These are the config settings used by the suppression system. Type: Dictionary.

domain
The SDB domain where suppressions will be stored. Type: String. Default: nymms_suppress
cache_timeout
The amount of time, in seconds, to keep suppressions cached. Type: Integer. Default: 60

resources.yaml

The resources.yaml file is where you define your commands, monitors and monitoring groups.

commands
Commands are where you define the commands that will be used for monitoring services. The main config for each command is the command_string, which is a templatized string that defines the command line to a command line executable.
monitors
Monitors are specific instances of commands, allowing you to fill in templated variables in the command used. This allows your commands to be fairly generic and easily re-usable.
monitoring groups
Monitoring groups are used to tie monitors to individual nodes. It also lets you add some monitoring group specific variables that can be used in commands templates and other places.
Example resources.yaml

Config Options

commands

A dictionary of commands, the key of each is a unique name for the command, and the value is another dictionary with the commands configuration. Other than the command_string config option, you can specify any others you like - they will be accessible in the template of the command_string itself. Type: Dictionary.

command_string
A command line string using Jinja’s variable syntax. (ie: {{variable}}). Type: String.
other configs
You can specify as many other key/value entries as you like. They will be useable as variables in the command_string itself. Often times the values set here will be used as defaults for the command, provided the variable isn’t set anywhere else (such as on the monitor, or the node).
monitors

A dictionary of monitors, each of which calls a command defined above. The key of each entry is the name of the monitor, the value is another dictionary which contains configuration values for that monitor. Type: Dictionary

command
The name of a command defined in the resources file.

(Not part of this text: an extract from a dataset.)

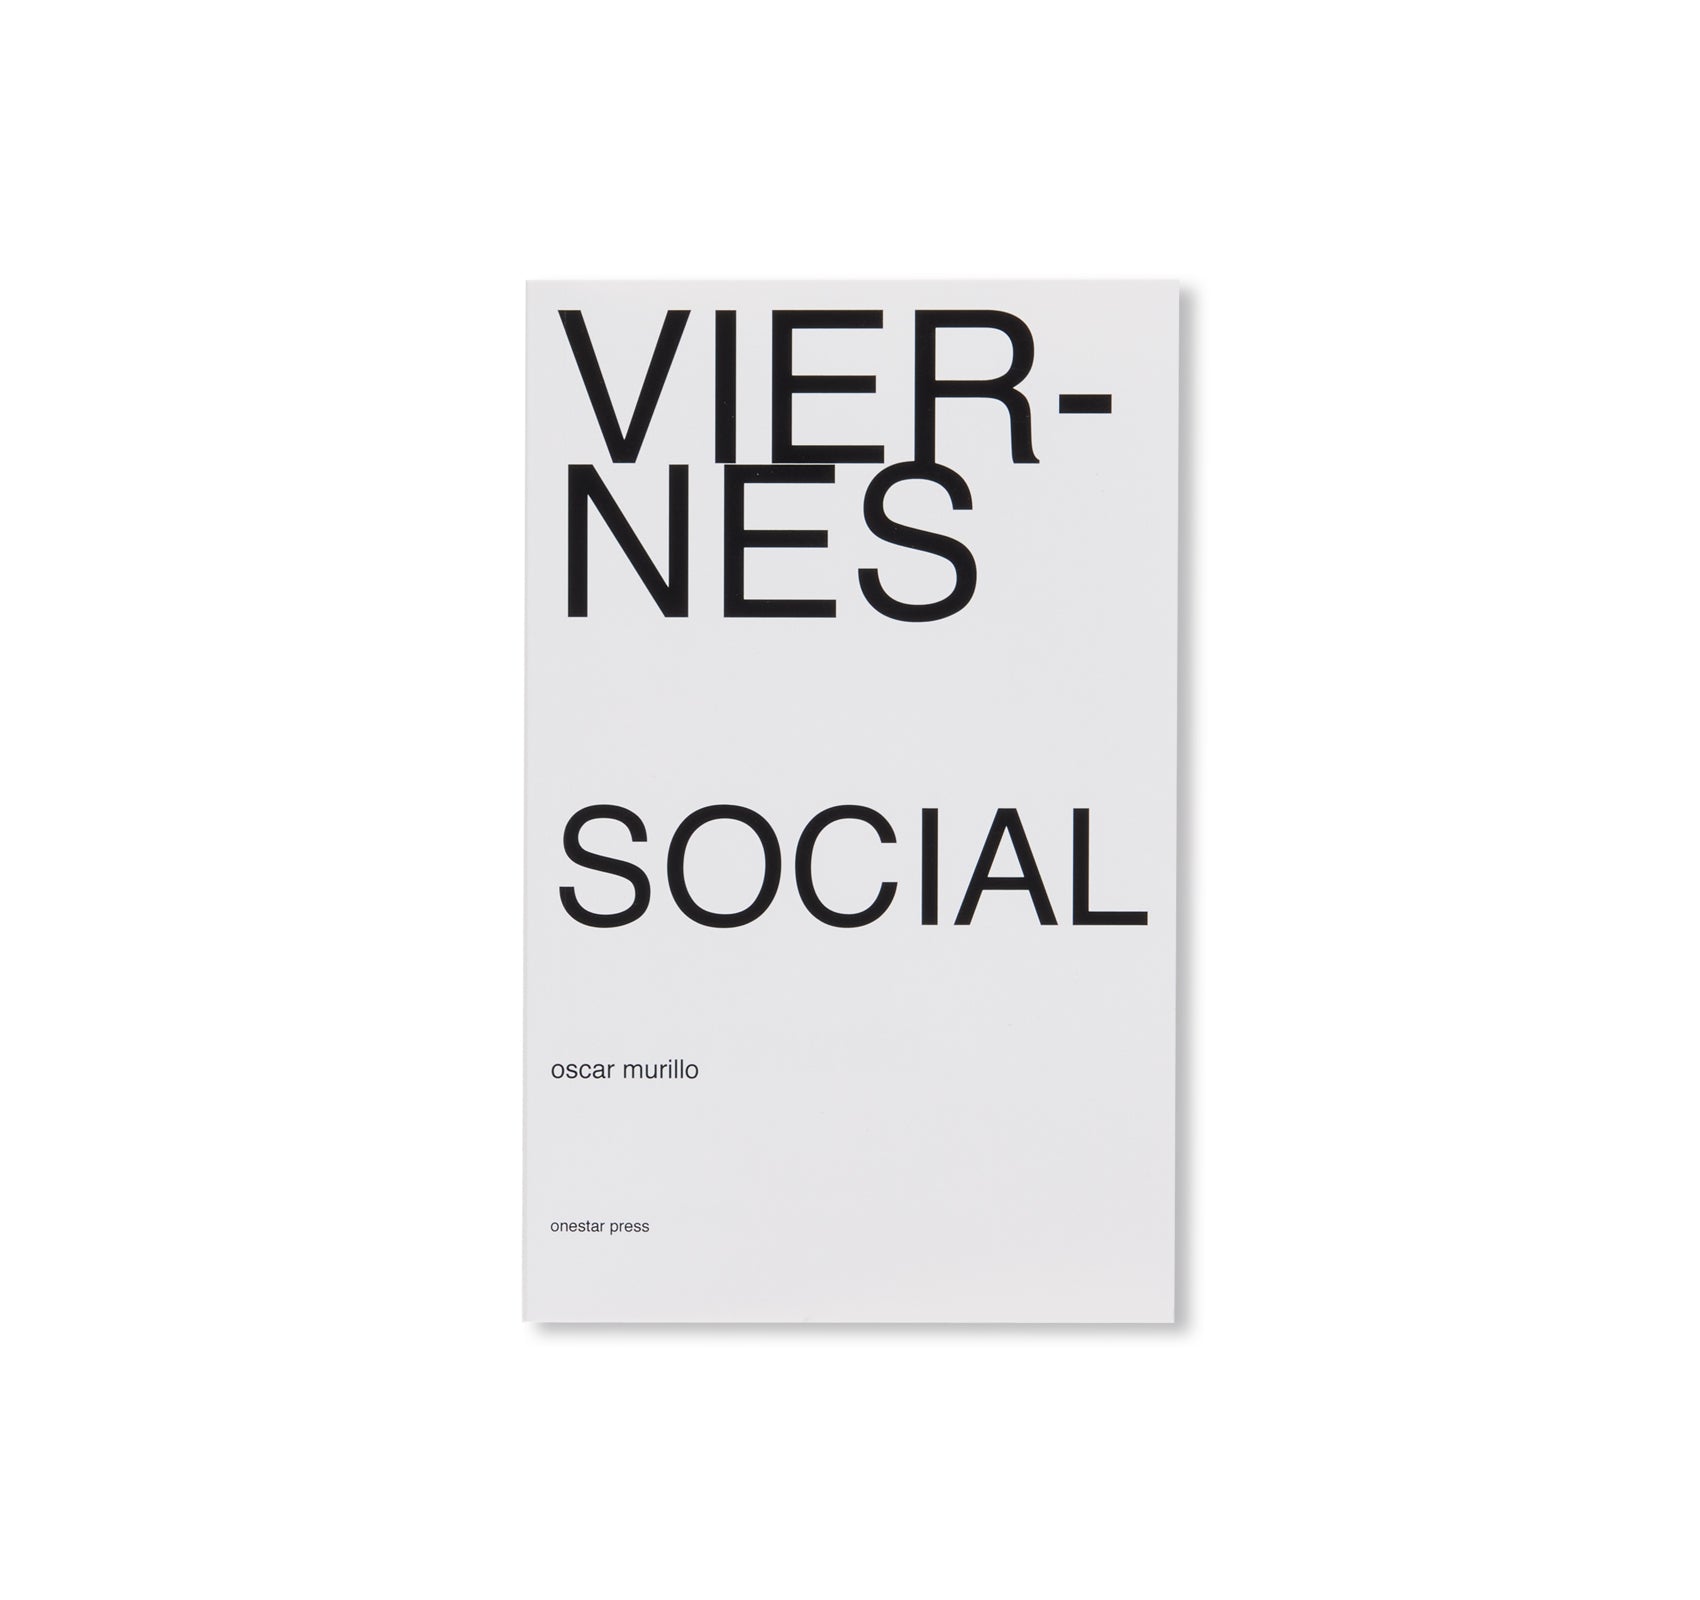 VIERNES SOCIAL by Oscar Murillo

This is the command that will be called for this monitor. Type: String.
monitoring_groups
A list of monitoring groups that this monitor is a part of. This is how you tie monitors to nodes - every monitor that is attached to a monitoring_group will be ran against every node that is attached to that monitoring_group.
other configs
You can specify as many other key/value entries as you like for each monitor. They will be useable as variables in the template strings used in the command for this monitor.
monitoring_groups
A dictionary of monitoring groups which tie together monitors and nodes. The keys of the dictionary are the monitoring_groups names, while the values are any extra config you want to put into the command context. Often times the values will be blank (see the example).

private.yaml

The private.yaml file is used to give context variables that can be used in various monitors, but which are not included when the tasks and results are sent over the wire. Largely these are used for things like passwords that are needed by monitors.

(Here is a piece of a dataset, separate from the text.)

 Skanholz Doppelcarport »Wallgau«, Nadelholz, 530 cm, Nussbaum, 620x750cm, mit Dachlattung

The variables that are provided by private.yaml need to be prepended by __private. when referring to them in templates. For example, if you have a private variable called db_password you would refer to it as __private.db_password in templates.

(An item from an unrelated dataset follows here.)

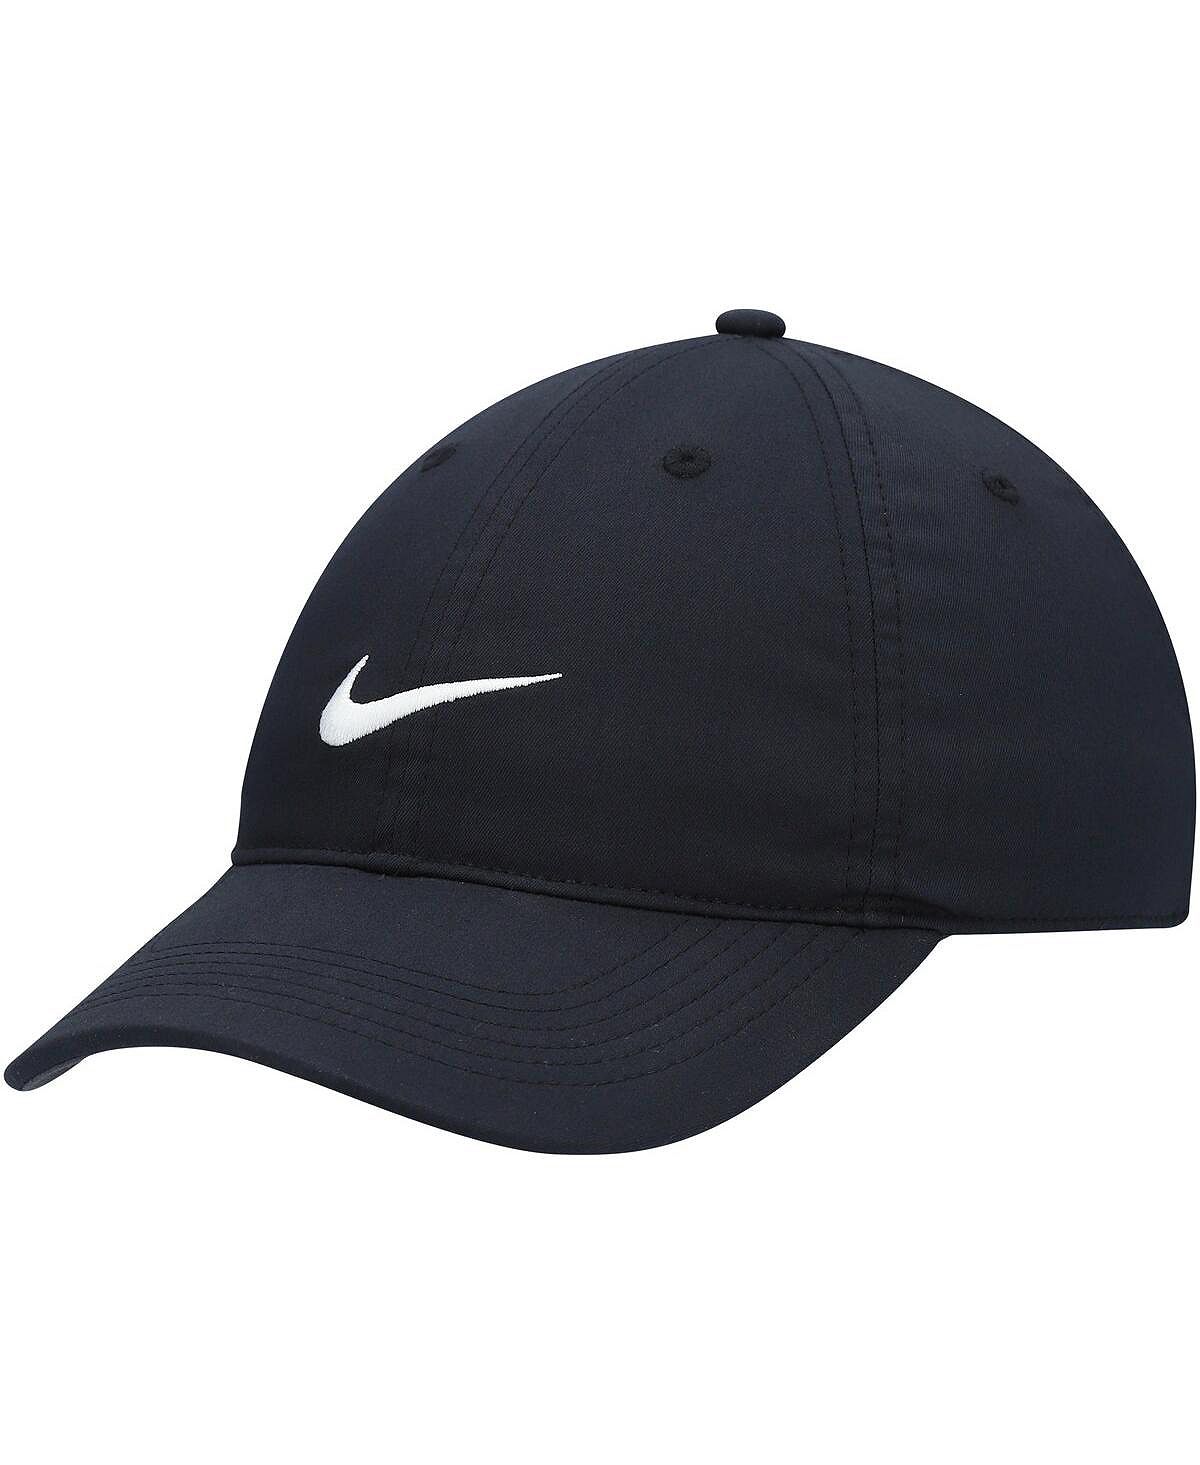 Мужская черная регулируемая шляпа Heritage86 Performance Nike

The contents of the private.yaml are simple key/value pairs.

Example private.yaml

nodes.yaml

The nodes.yaml file is the file used by default by the YamlBackend, which is used by the scheduler to figure out what nodes (instances, hosts, etc) need to be monitored. It’s a dictionary of node entries - each entry’s key is the name of the node. The value of each entry is a dictionary with the following options:

Example nodes.yaml
address
The network address of the node. This can be an ip address, or a hostname. If no address is provided, then it is assumed that the name of the node entry is the address. Type: String. Default: The node entry name.
monitoring_groups
A list of monitoring groups (as defined in resources.yaml) that this node is part of. Every monitor that is attached to a monitoring group will be applied to every node in the monitoring group. Type: List.
realm
The realm this node is a part of. See the realms documentation.

Reactor Handlers

Demo AMI

In order to give people something easy to start playing with (and to alleviate my shame in not having amazing documentation yet) I’ve gone ahead and started creating Demo AMIs in Amazon AWS. These AMIs come up with a complete, all-in-one (ie: all daemons) instance that has a very basic configuration that can be used to play with NYMMS and get used to the system.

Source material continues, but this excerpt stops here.